As we can see from the latest annual report, KWAP owns 11.6% of the company and we think that with the management luring KWAP’s interest into their company would be a value added in terms of stock pricing.
Somewhat like INARI few years ago, with the appearance of institutions such KWAP inside the shareholding structure, it pushed the stock price upwards demanding higher valuations. The simplest way to tell is that it trades at a PE higher than its peers.
Introduction of institutions at times see re-valuation for the stock itself making it somewhat more ‘valuable’ than a non-institution owned. That is why we can be ahead when institutions are buying smaller companies.
If we are KWAP, we would suggest a rights issue to increase the number of shares and probability of a dilution in case one might forgot to subscribe (it can happen to retail). Furthermore, newly acquired cash can be used for capital expenditure.
Once again we reference this to INARI’s case when KWAP came in and started acquiring in 2014. The rights issue were executed for the development of new factories but weirdly the company still has cash and paid out dividends the next quarter. Investors might be asking “why did you take money from us in the first place?”.

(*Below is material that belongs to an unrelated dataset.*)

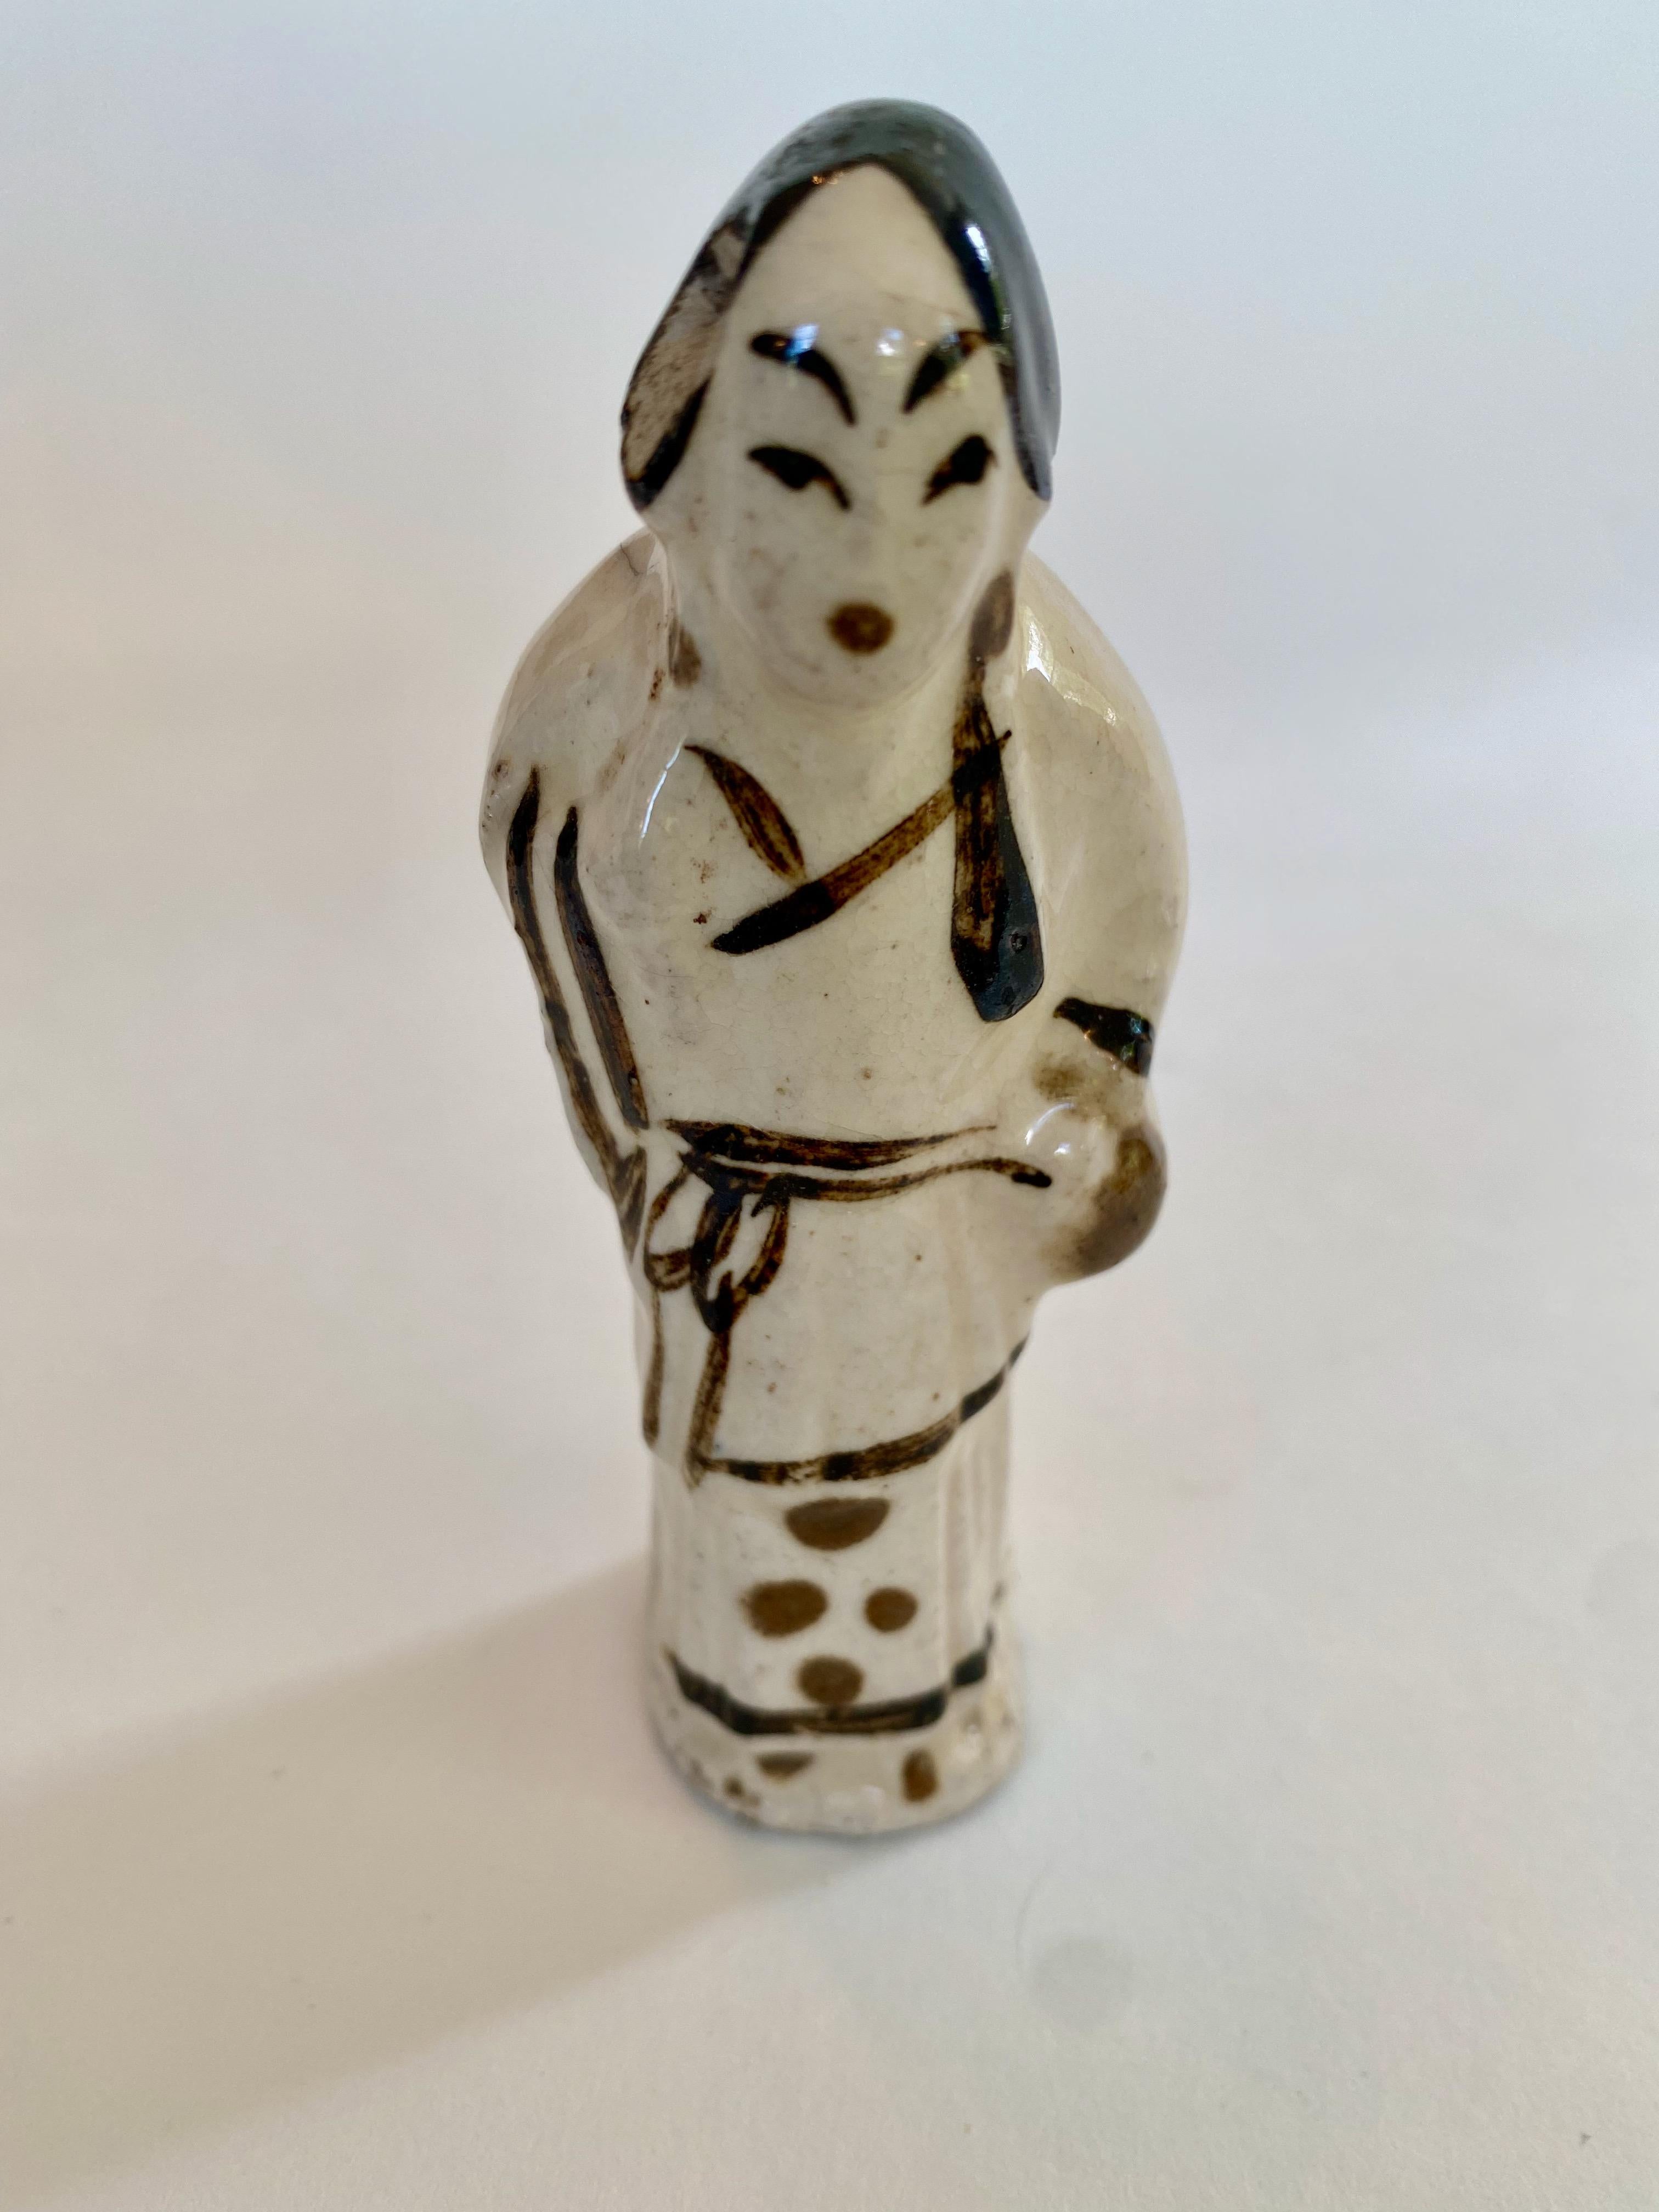 Figure en poterie de la dynastie Ming représentant une femme debout, probablement de la région de Suzhou.
Il s'agit d'une petite figurine avec beaucoup de personnalité, rendue en crème et en brun foncé. Avec sa posture légèrement voûtée et ses mains

It could be that the actual cash realized from the growth in revenue exceed their forecast and expectation. But it is not common as well to see companies using rights issue to increase the share issue size allowing new investors to come in or increase the ownership by diluting their minority shareholders who are unaware.
Expect to see increased interest from institutions with more and more liquidity introduced to this counter. Not only we see KWAP but hopefully more institutions like EPF would take part in this counter as well.
We are not confident with the upcoming report as we believe the US dollars from the month of Jan 2018 to Mar 2018 would work negatively towards the company’s earnings report.
Nevertheless, if you do not care about temporary setback for pricing then the chart actually points to return higher as it broke its downward trending line when it hit RM2.40 a week ago.